Prefrontal PV interneurons facilitate attention and are linked to attentional dysfunction in a mouse model of absence epilepsy.

机构信息

Department of Neurology and Neurological Sciences, Stanford University, Stanford, United States.

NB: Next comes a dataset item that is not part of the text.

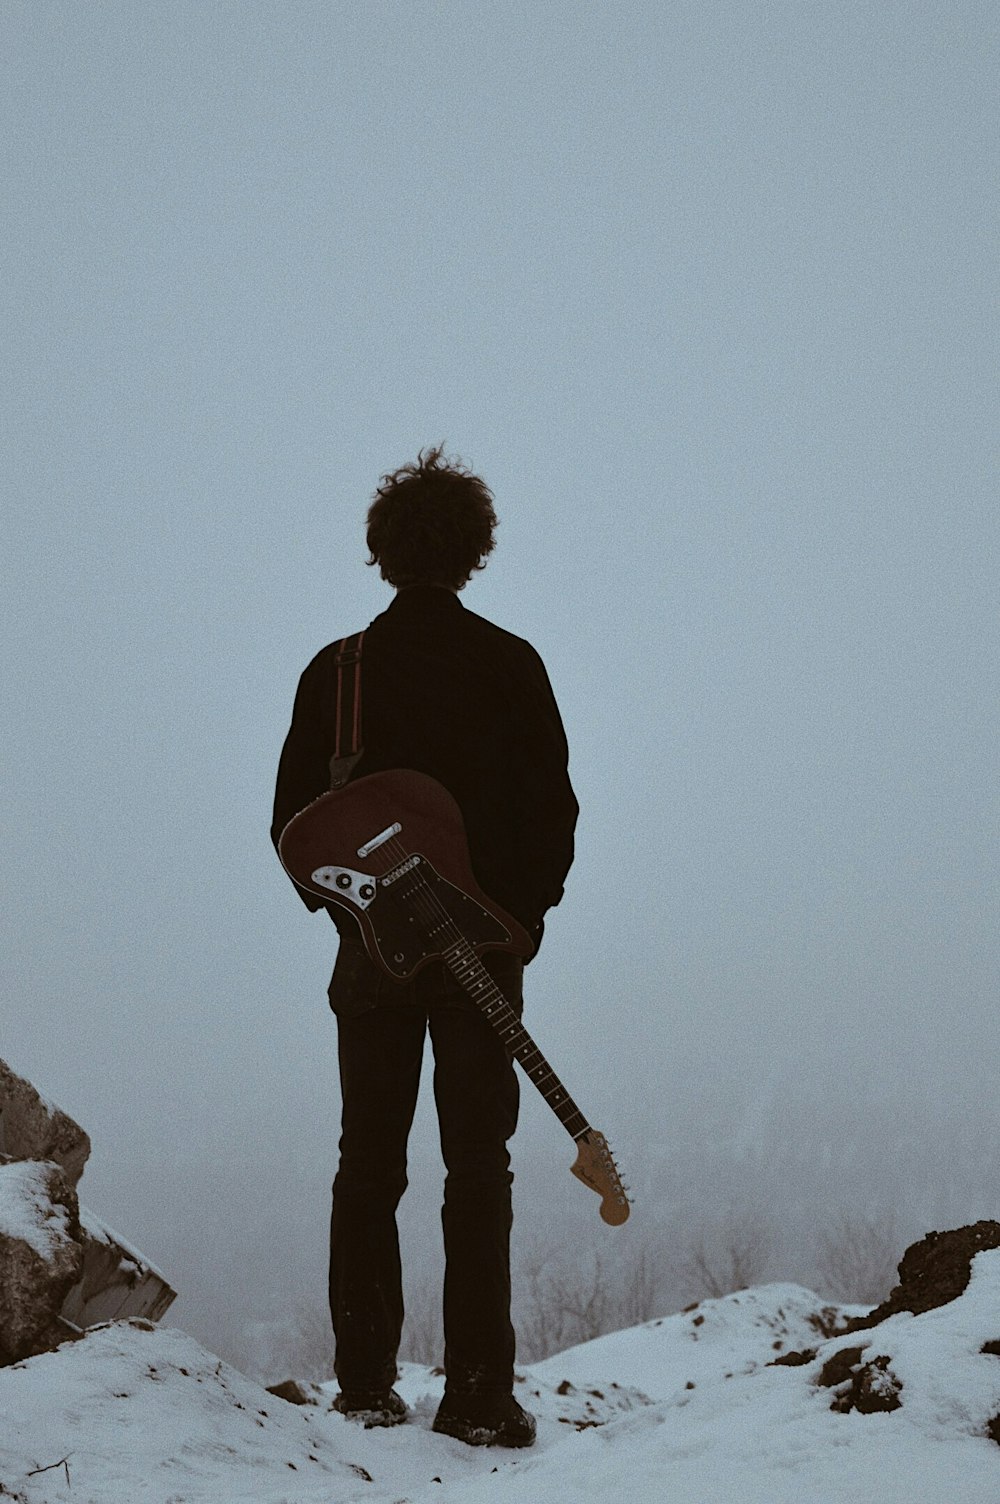 homme avec guitare sur son dos debout sur la falaise

Department of Genetics, Harvard Medical School, Boston, United States.

出版信息

Elife. 2023 Apr 4;12:e78349. doi: 10.7554/eLife.78349.

DOI:10.7554/eLife.78349
PMID:37014118
原文链接:https://pmc.ncbi.nlm.nih.gov/articles/PMC10072875/
Abstract

Absence seizures are characterized by brief periods of unconsciousness accompanied by lapses in motor function that can occur hundreds of times throughout the day. Outside of these frequent moments of unconsciousness, approximately a third of people living with the disorder experience treatment-resistant attention impairments. Convergent evidence suggests prefrontal cortex (PFC) dysfunction may underlie attention impairments in affected patients. To examine this, we use a combination of slice physiology, fiber photometry, electrocorticography (ECoG), optogenetics, and behavior in the mouse model of absence epilepsy. Attention function was measured using a novel visual attention task where a light cue that varied in duration predicted the location of a food reward. In mice, we find altered parvalbumin interneuron (PVIN) output in the medial PFC (mPFC) in vitro and PVIN hypoactivity along with reductions in gamma power during cue presentation in vivo. This was associated with poorer attention performance in mice that could be rescued by gamma-frequency optogenetic stimulation of PVINs. This highlights cue-related PVIN activity as an important mechanism for attention and suggests PVINs may represent a therapeutic target for cognitive comorbidities in absence epilepsy.

摘要

失神发作的特征是短暂的意识丧失,伴有运动功能丧失,这种情况一天可能会发生数百次。除了这些频繁的无意识时刻,大约三分之一患有这种疾病的人会经历治疗抵抗的注意力障碍。汇集的证据表明,前额叶皮层(PFC)功能障碍可能是受影响患者注意力障碍的基础。为了研究这一点,我们在失神性癫痫的小鼠模型中结合使用切片生理学、光纤光度法、皮层电图(ECoG)、光遗传学和行为来研究。使用一种新的视觉注意力任务来测量注意力功能,在该任务中,持续时间不同的光提示预测食物奖励的位置。我们发现,在体外,内侧前额叶皮层(mPFC)中的副交感神经节神经元(PVIN)输出改变,并且在体内提示呈现期间 PVIN 活性降低,伽马功率降低。这与小鼠的注意力表现较差有关,而通过对 PVIN 进行伽马频带光遗传学刺激可以挽救这种情况。这凸显了与提示相关的 PVIN 活性作为注意力的重要机制,并表明 PVIN 可能是失神性癫痫认知共病的治疗靶点。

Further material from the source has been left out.